Listen, Larry, we’re talking two days. My boys ship out in two days and access becomes extremely problematic after that. Unless your lawyers feel like parachuting into a war zone.

Hooo-kay, Crack resumes, rattling the paper. Will Drew Henson throw an interception—yes, minus a hundred and twenty, versus no, plus a hundred and five.

Yes, Holliday says.

No, says A-bort.

Will Beyoncé show me her tits while sitting on my face, Sykes offers, then starts singing in a screechy black-girl falsetto, I need a soldjah, soldjah, need me a soldjah soldjah boy . . .

Quiet, Dime woofs, Albert’s on the phone, which the rest of the Bravos take as their cue to scream at Sykes. Shut up, fuckhead, Albert’s on the phone! Quiet, shitbag, Albert’s trying to talk! Meanwhile an SUV has drawn even in the next lane, and women, actual females, are hanging out the windows and yelling at the Hummer, college girls, maybe a couple of years older, and they are fine prime examples of that buxom talent pool of all-American booty that runs amok every night on reality TV.

Hey, they cry as traffic crawls along, roll down your windows! Hey you, whoever you are, got any Grey Poupon? Woooo-hoooo, go Cowboys! Roll down your window!

Oh Lord, beauties they are and amped as all fuck, bellowing, whipping their hair around like proud war banners, they are the girls gone wild of Bravo’s fondest dreams. Sykes and A-bort futz with the windows on that side and are roundly cursed for their incompetence, then they realize the damn things have been childproofed and everybody screams toward the front, finally the driver flips a switch and the windows go down and you can just see those girls deflate. Oh, soldiers. Jarheads, they’re probably thinking, because it’s all the same to them. Not rock stars, not highly paid professional athletes, nobody from the movies or the tabloid-worthy world, just grunts riding on some millionaire’s dime, some lame support-the-troops charity case. Bravo tries, but the girls are just being polite now. We’re famous! A-bort cries. They’re gonna make a movie about us! The girls smile, nod, look up and down the freeway as if scouting better prospects. Sykes flops his entire torso out the window and yells, Hell yes I’m drunk baby and I’m married too! But I’ll still love you ugly in the morning! This gets the girls laughing and for a moment there’s hope, but Billy can see the light already dimming in their eyes.

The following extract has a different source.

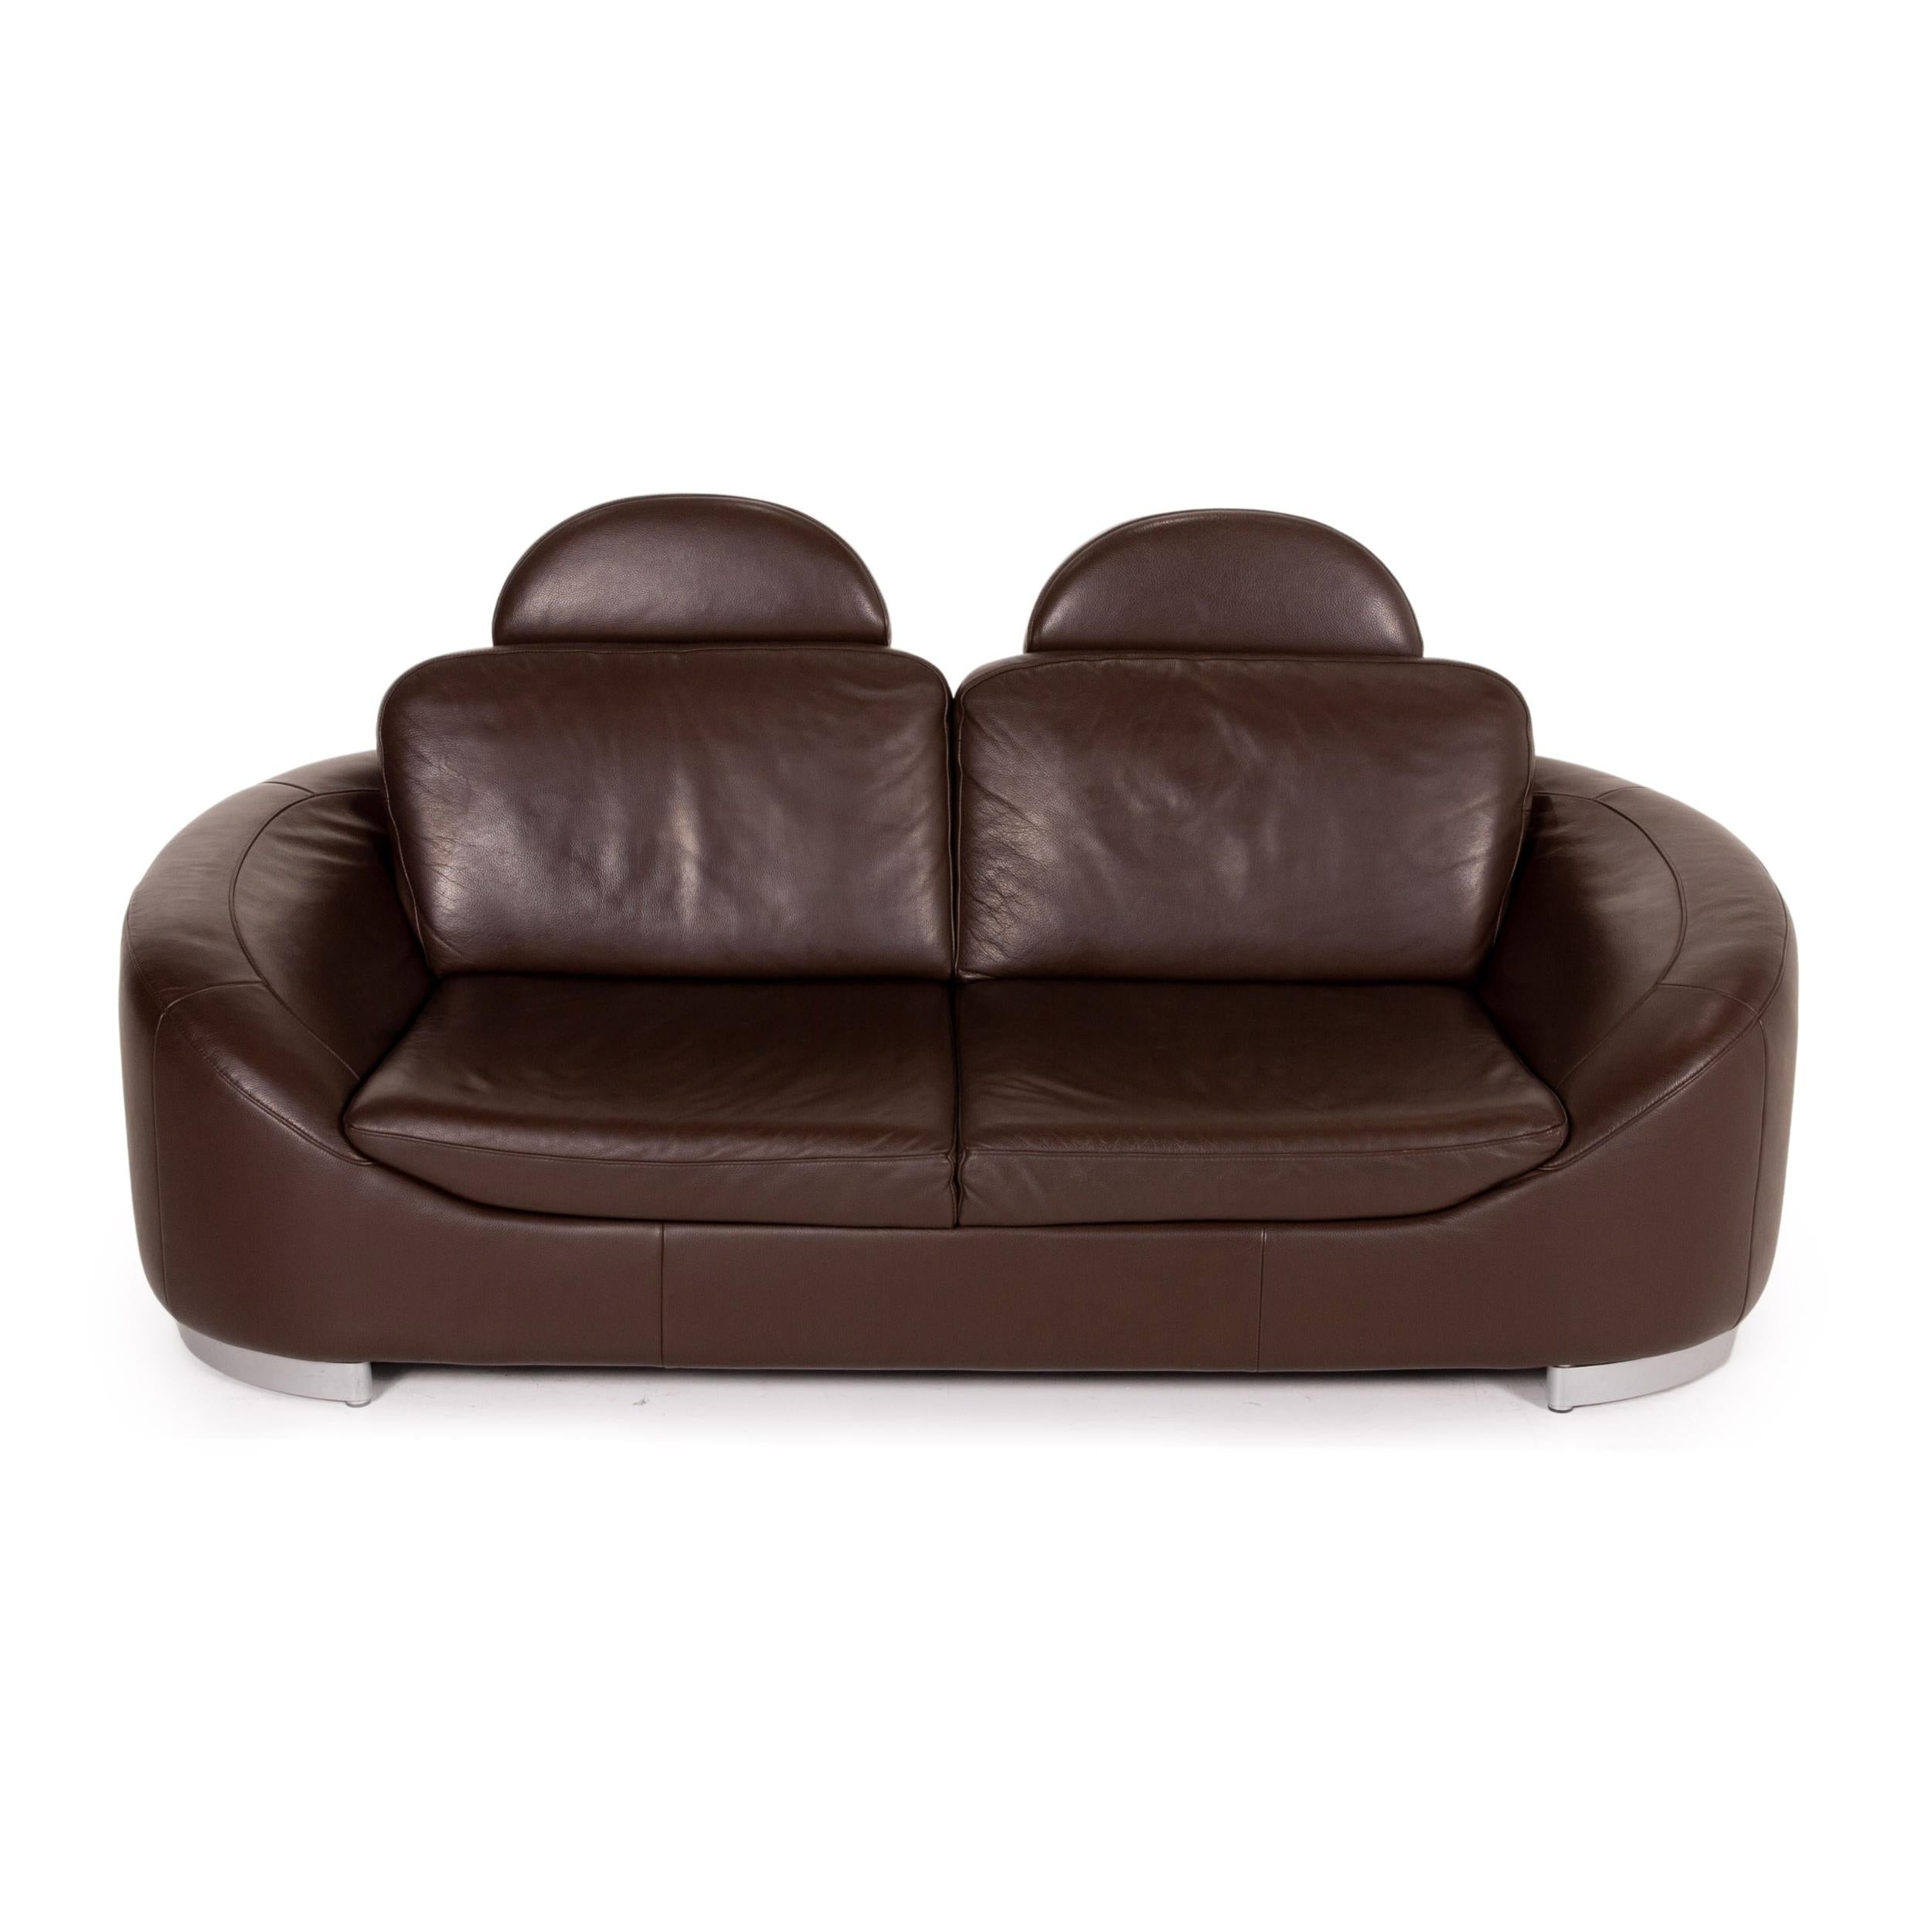 Ewald Schillig Leather Sofa Set Brown Dark Brown 2x Two-Seater For Sale 9
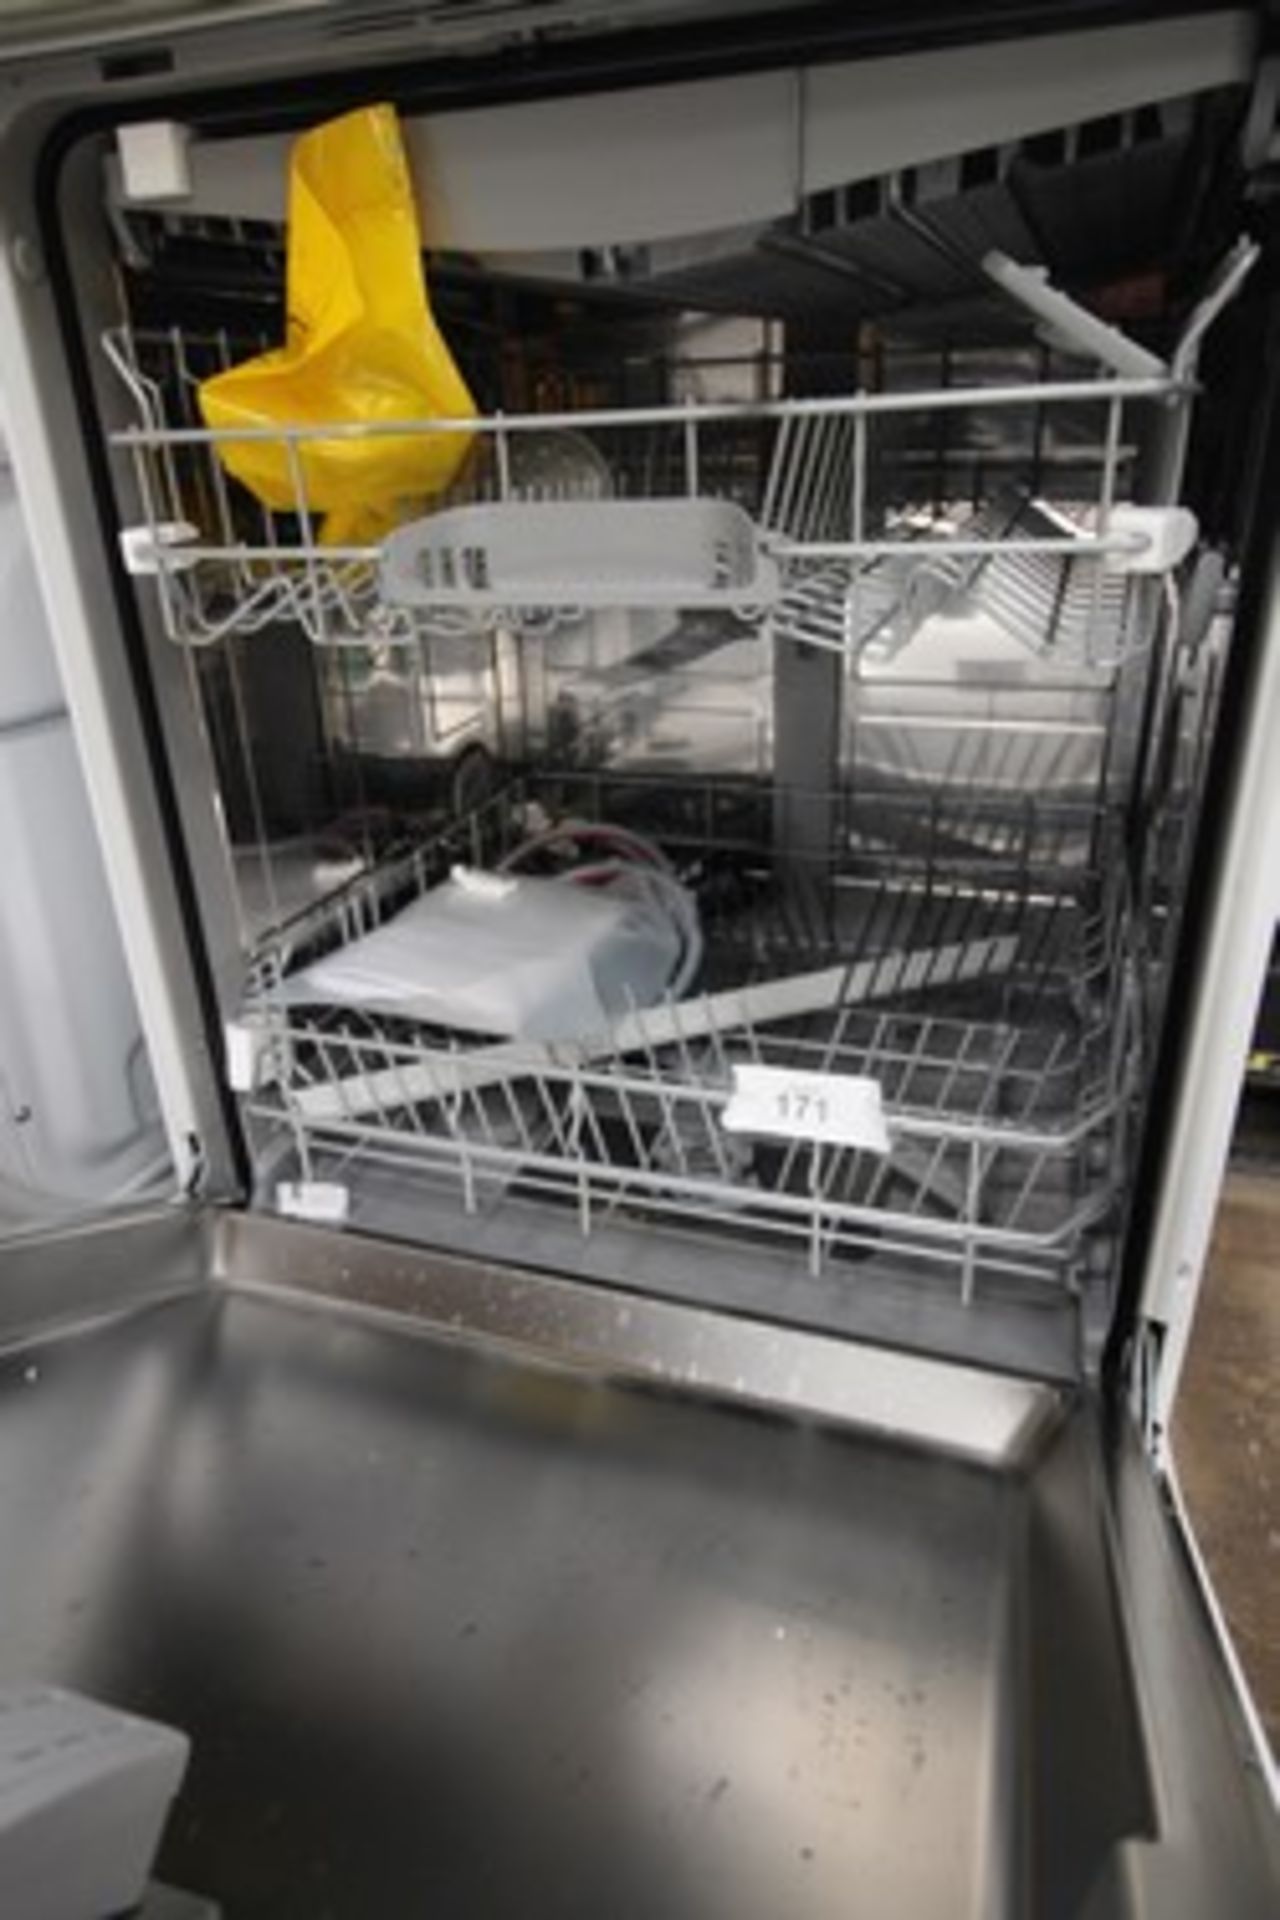 1 x Bosch Serie 2 dishwasher, Model SMS2HVW66G, missing front right foot and dented side panel - New - Image 3 of 4

He sits back and pulls out his cell; they were probably never serious anyway. Ten hut! reads the text from his sister Kathryn,

keep it in yr holster kid

Then from Pete, his other sister’s roughneck husband,

Bang a cheerldr

Then this from Pastor Rick, who won’t leave him alone,

He who honors me, I will honor

And that’s it, no more texts, no calls, nothing. Fuck, doesn’t he know anybody? He is sort of famous after all, at least that’s what people keep telling him, so you would think. Traffic is moving and they’ve lost the wild girls, but now the stadium appears on the horizon, rising from the sweep of suburban prairie like an engorged and wart-spattered three-quarter moon. They are supposed to appear today on national TV, details pending, no one knows the actual drill. They might have lines to speak. They might be interviewed. There’s talk that they’ll take part in the halftime show, which raises hopes of personally meeting Destiny’s Child, but equally if not more plausible is the possibility that they’ll be coaxed, cajoled, steamrolled, or otherwise harassed into doing something incredibly embarrassing and lame. Local TV has already been bad enough—in Omaha there was footage of a very stiff Bravo interacting with the zoo’s new monkey habitat, and in Phoenix they were taken to a skateboard park, where Mango did an ass-plant for the evening news. Humiliation always stalks the common man when he ventures onto the tube, and Billy is determined it won’t happen to him, not today, not on nationwide TV, no sir, thank you sir, I respectfully refuse to act like a moron, sir!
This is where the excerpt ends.